TTDSG
The TTDSG (now TDDDG) governs data protection in telecommunications and telemedia, especially the protection of terminal equipment, and complements the GDPR for matters such as cookies and tracking.
The Telecommunications-Telemedia Data Protection Act (TTDSG) came into force on 1 December 2021 and consolidated the previously scattered data-protection provisions of the Telecommunications Act (TKG) and the Telemedia Act (TMG) into a single dedicated law. Effective 14 May 2024 it was renamed the Telecommunications-Digital-Services Data Protection Act (TDDDG) to align it with the Digital Services Act; its core rules remained substantively unchanged. The act in particular transposes the ePrivacy Directive (2002/58/EC) into German law and applies to providers of telecommunications services as well as to telemedia such as websites, apps and online platforms.
The provision of greatest practical importance is Section 25 TTDSG/TDDDG. It requires the user's prior consent before information is stored on their terminal equipment or information already stored there is accessed – regardless of whether that information constitutes personal data. This covers not only classic cookies but also pixels, local storage, device fingerprinting and comparable techniques. Access without consent is permitted only where it is strictly necessary for transmitting a message or absolutely necessary to provide a service explicitly requested by the user (Section 25(2) TTDSG/TDDDG).

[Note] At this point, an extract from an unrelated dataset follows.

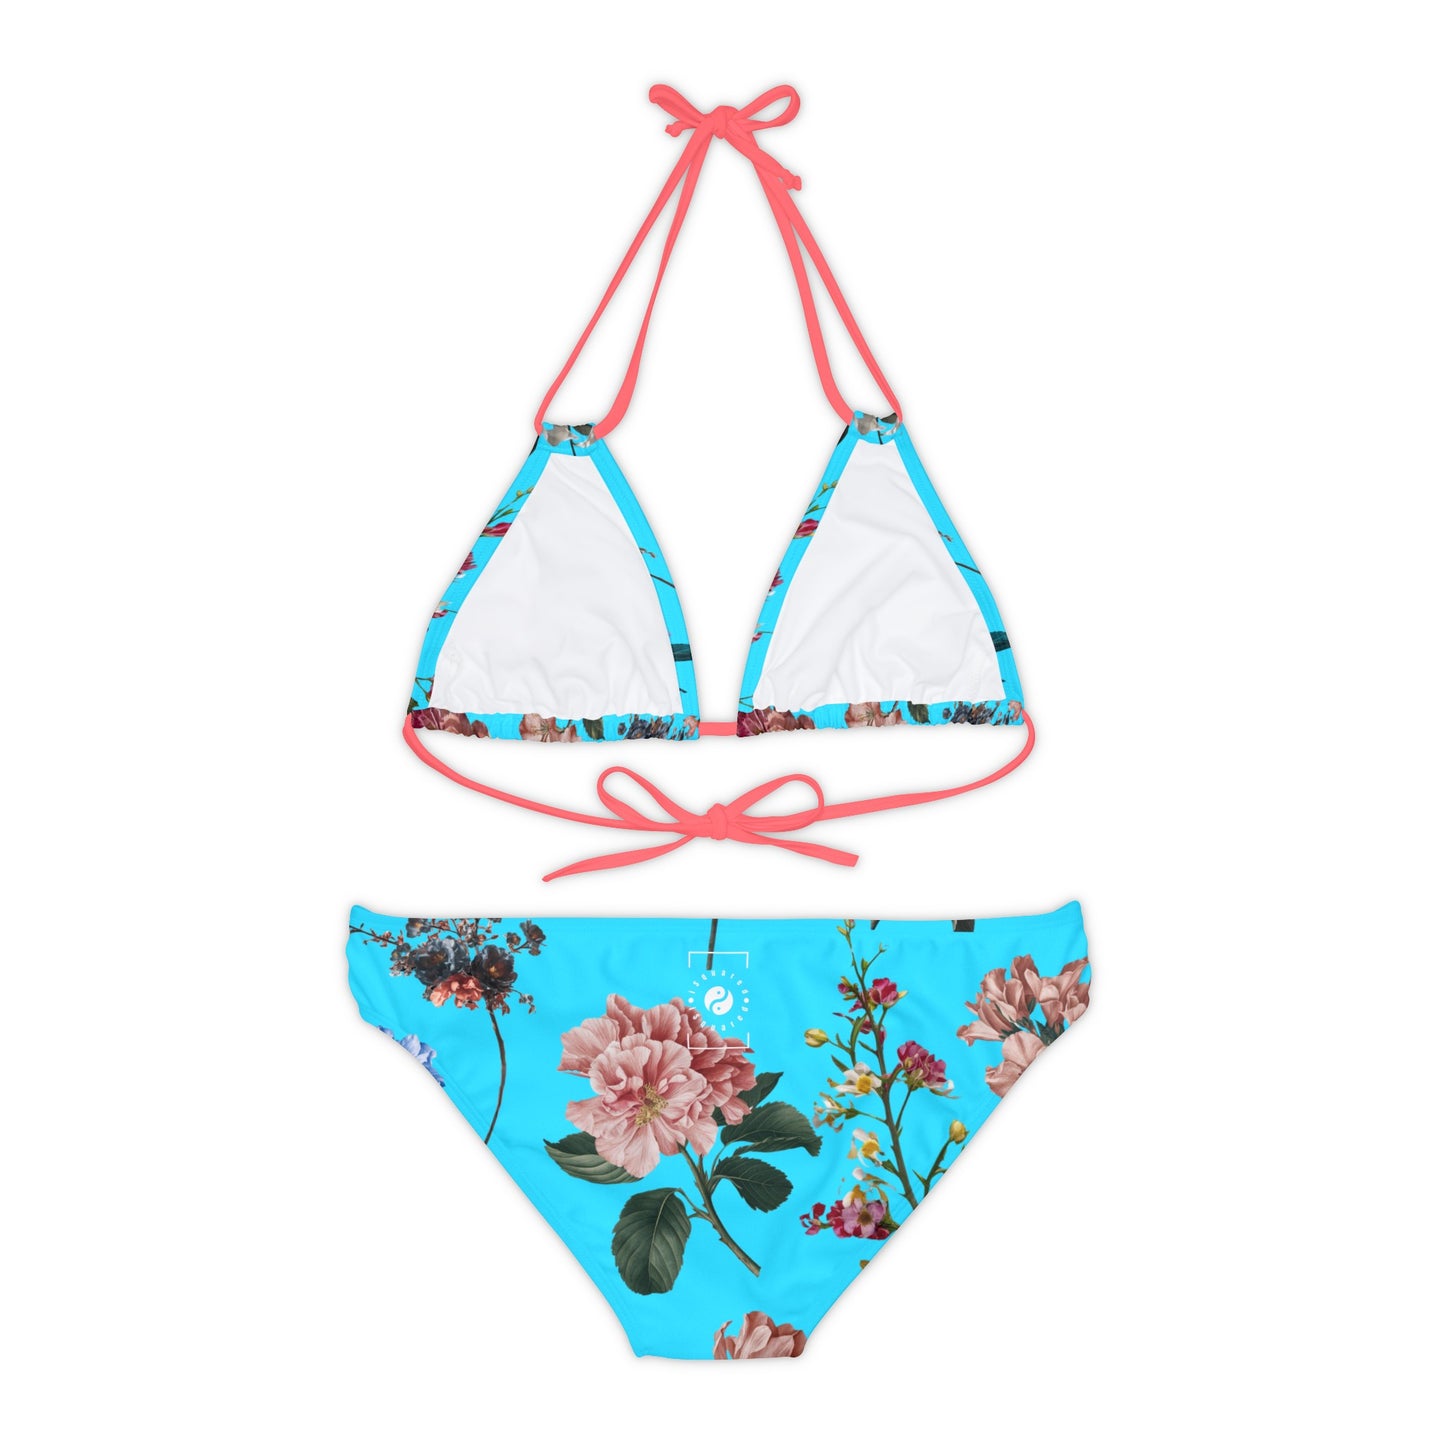 Botanicals on Azure - Lace-up Bikini Set

In relation to the GDPR, Section 25 TTDSG/TDDDG operates as a more specific, overriding rule (lex specialis) for access to terminal equipment. The consent itself must meet the GDPR's requirements (Art. 4(11), Art. 7 GDPR): freely given, informed, unambiguous and revocable. Once personal data is further processed after a permissible read or storage operation, the GDPR applies again with its principles, legal bases and data-subject rights. TTDSG/TDDDG and the GDPR are therefore not alternatives but must be examined in sequence: first the lawfulness of the terminal access, then that of the subsequent data processing.
Legal Basis
Section 25 TTDSG/TDDDG (formerly TTDSG, TDDDG since 14 May 2024); Art. 5(3) ePrivacy Directive 2002/58/EC; Art. 4(11), Art. 6, Art. 7 GDPR
Practical Example
An online shop wants to deploy third-party web analytics and marketing pixels. The data protection coordinator first checks Section 25 TTDSG/TDDDG: because these services set cookies and read data from the device, prior consent is required. She implements a consent management tool that, on the first page visit, offers an equivalent choice between "Accept all" and "Reject all", loads analytics and marketing scripts only after active consent, and logs the consents in an audit-proof manner. For the subsequent processing of the personal data she documents the legal basis under the GDPR and adds the processing activity to the record of processing activities.